Riley 3Through my own struggles with OCD and depression, I have become acutely aware in recent years that mental health challenges are a life and death matter. Robin Williams’s recent suicide drew attention to the devastating, and usually silent, impact of a long-term battle with one’s brain. On Monday, this hit much closer to home when my dear friend, Riley Sisson, was found dead in his apartment at age 26 after a painful battle with crippling OCD and its frequent friend depression.

I saw Riley just last week when he came over for a cigar. His anxiety was palpable, as it had been every time I’d seen him recently. His OCD focused on telling him that he had inadvertently left something behind that might harm someone else (perhaps we should rename this disease Over-Caring Disorder because every single obsessive thought I’ve ever heard of comes from excessive caring and concern, often for others. What a cruel trick for one’s brain to take something good – care for others – and turn it into a prison that won’t allow one to leave a room without checking it countless times to see what he might have left behind!).

He arrived an hour later than planned because it was so damn hard for him to leave his apartment. He also told me that, as he got near my neighborhood, he was reminded of the 2 years he spent in a nearby treatment facility for his challenges. He broke down crying in his car as he circled my neighborhood, reliving the pain of the past, fearing the pain of the future.

As it often did, our conversation turned to the topic of death. We had shared many conversations, some light-hearted and funny, some somber and scary, about wanting to just be done with our brutal brains. I remember laughing hysterically as we mocked people who express concern for our nutritional habits or our affinity for tobacco products. He told the story of a girl in college who approached him while he was smoking a cigarette and said, “You know those will kill you, right?!” He re-enacted his hyperbolic reaction: he bolted out of his seat, threw down his cigarette and said, “Oh my God! You’re right! Thank you so much for telling me!” and then he gave the girl a giant, derisive hug. She called him an asshole and walked away. (Oh, how I wish I had the guts to do something like that just once!) But even after telling me that story, Riley’s deep compassion won the day, and he became his normal, soft-spoken person quickly, saying, “I shouldn’t have done that,” with real sadness in his voice for treating this girl “unkindly.”

But last week as we spoke, Riley reiterated many times that he really did want to find a way forward in life. He was convinced that suicide was not the answer to his ever-present problems, and he had recently started grad school in order to become a therapist so he could help others from the vantage point of one who understands. (And just for the record and out of respect for Riley’s memory, I want to add that, whatever happened on Monday, it was not suicide. I’m sure of that, though that wouldn’t change my feelings in any way about Riley’s life or death…just feel the need not to imply that his death was intentionally self-inflicted.)

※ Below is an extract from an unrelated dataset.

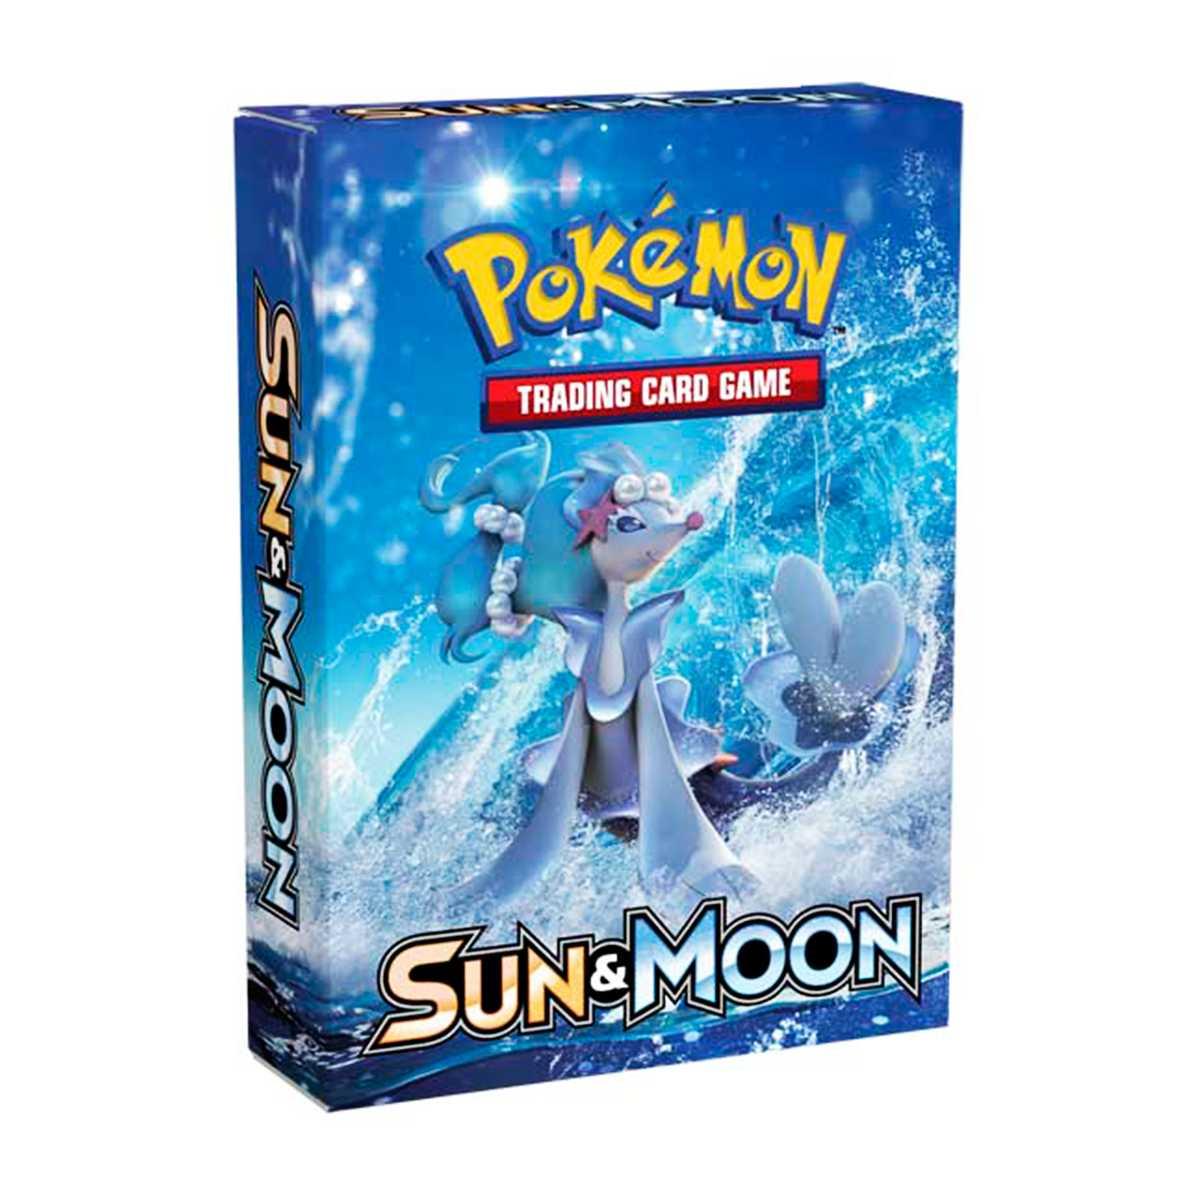 Pokemon Sol e Lua Deck Primarina GX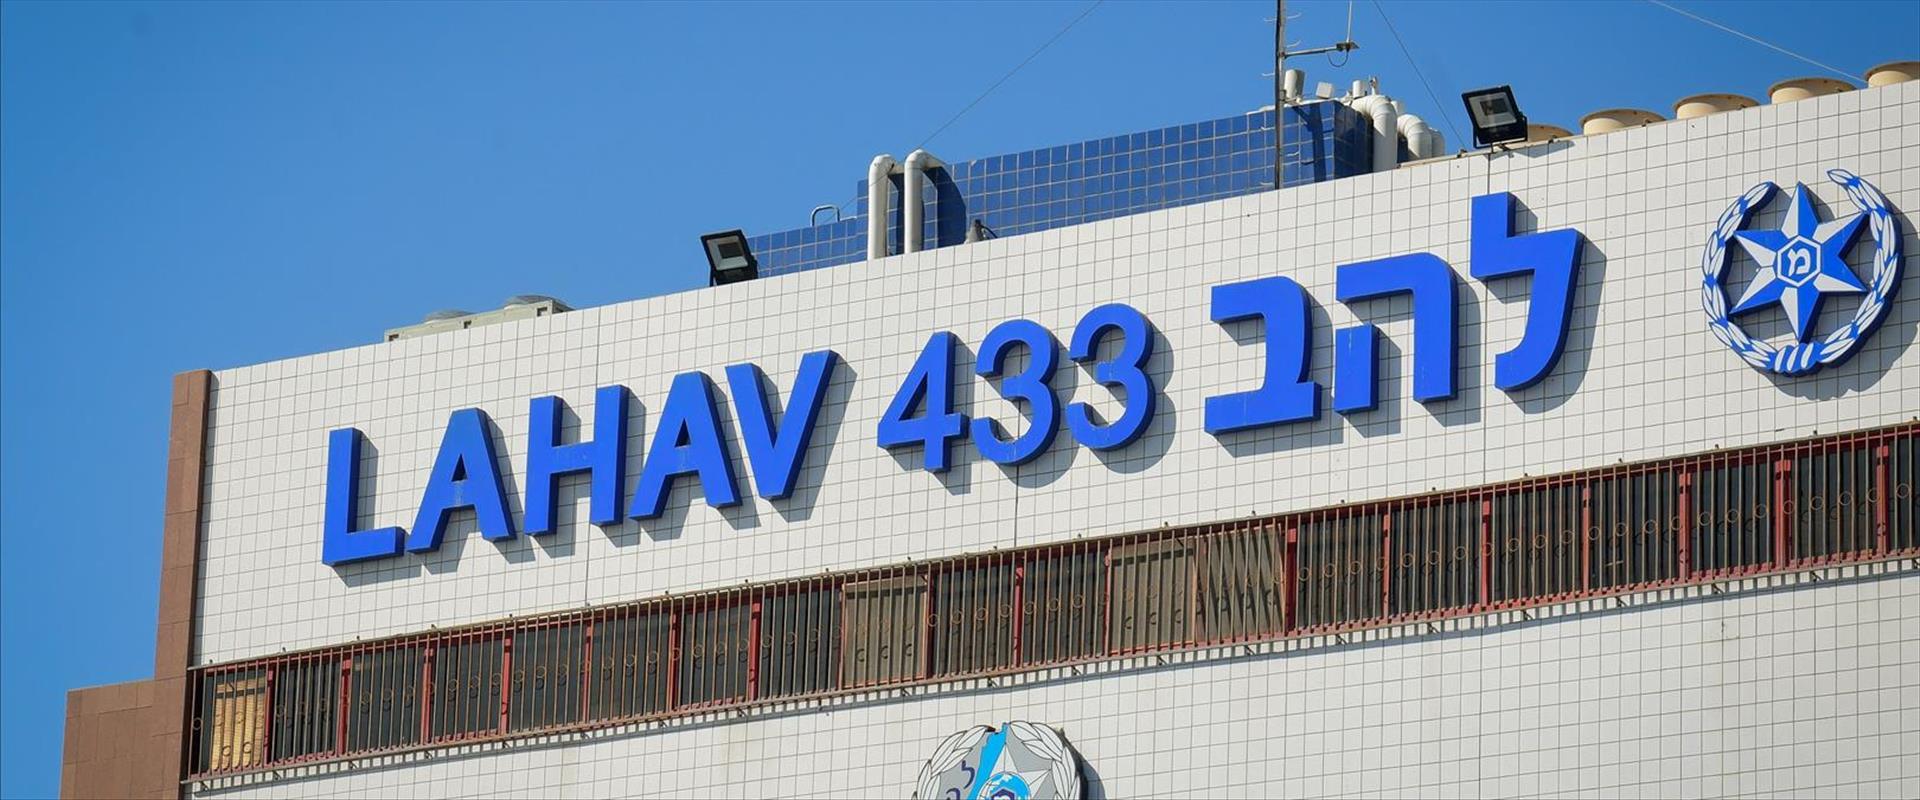 להב 433

Oh, the brutal irony of the fact that the conversation turned to my struggles when Riley said, “I’m worried about you, Tim.” In our many conversations about our mutual desire to be liberated from our brains (aka dead), I often wondered how he kept going and felt like I was the one in a more stable place, at least for right now. So I was a little taken aback by his concern; I didn’t realize I seemed that bad off. I tried to reassure him that I was not (am not) suicidal. We agreed that wanting to be dead and being suicidal are actually very different things. We agreed that “dead” sounded great. Suicide, not so much.

There again you see who this guy was: I invited him over to care for him, and he ended up caring for me. That was Riley to the core, and I don’t simply say that out of funereal respect for my departed friend. He told me multiple times that the one thing that always kept him going was knowing how much he’d hurt others by killing himself. It caused him palpable pain to think of what it would do to his parents and sister if he died. He nearly broke down when he once told me how painful it was to him that, while his number one desire was to keep others from harm, his personal demons had created pain and anxiety for those he loved the most. That devastated him.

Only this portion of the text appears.